(Recorded information):

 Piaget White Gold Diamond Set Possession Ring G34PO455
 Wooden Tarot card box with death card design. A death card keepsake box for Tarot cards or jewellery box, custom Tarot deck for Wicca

---

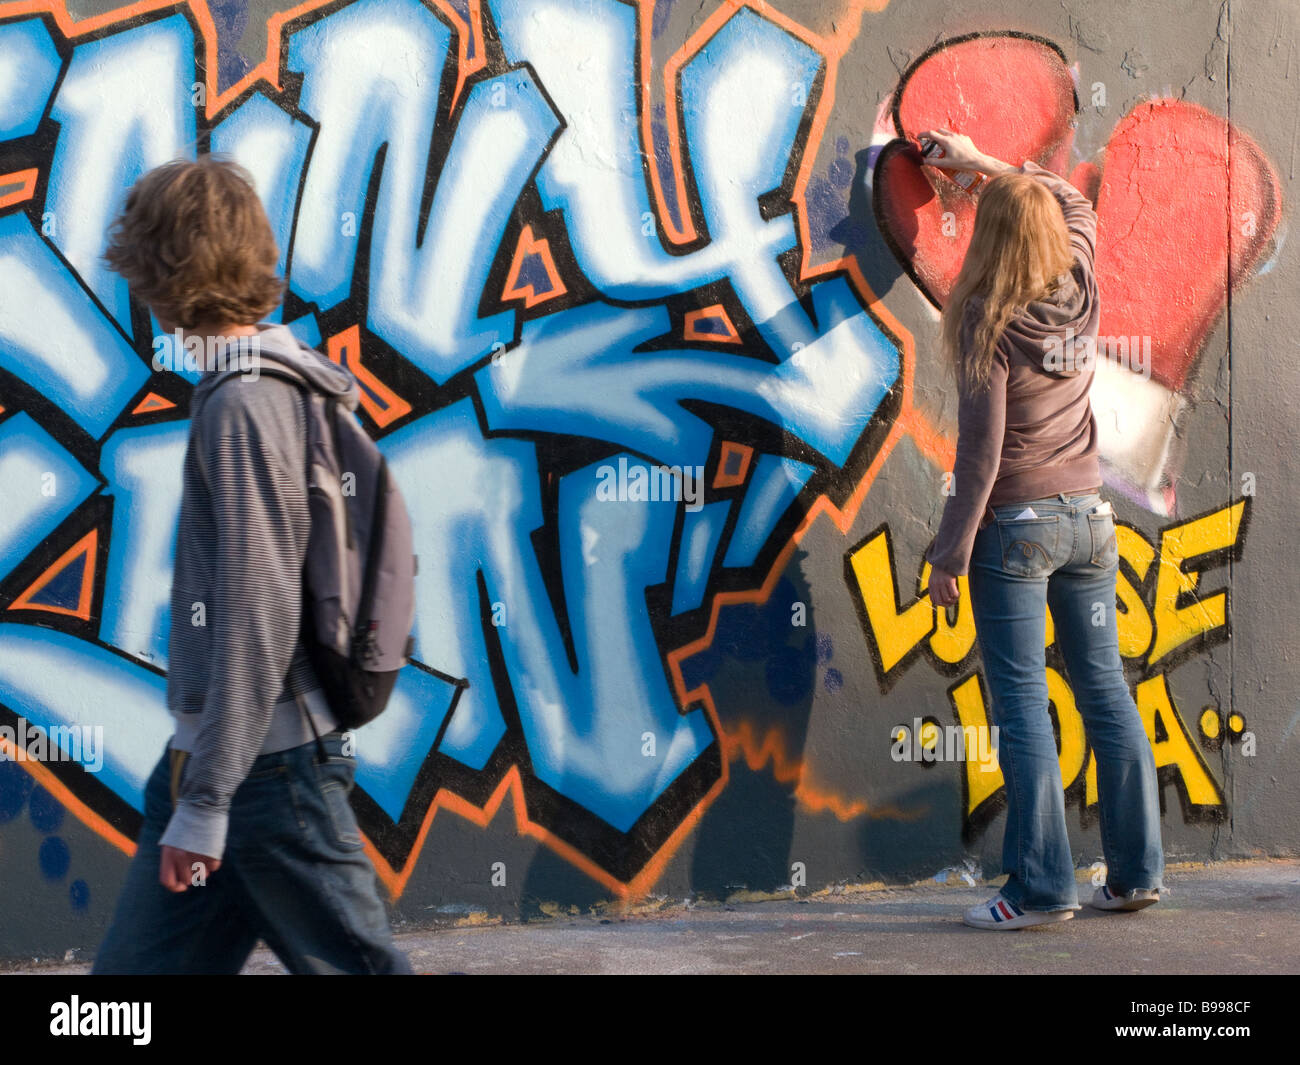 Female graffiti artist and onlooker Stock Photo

(The problem): The lines above from the one containing "Piaget White Gold" through the one containing "Wooden Tarot card" are to be set down exactly, and no others.

(Task solution):
 Piaget White Gold Diamond Set Possession Ring G34PO455
 Wooden Tarot card box with death card design. A death card keepsake box for Tarot cards or jewellery box, custom Tarot deck for Wicca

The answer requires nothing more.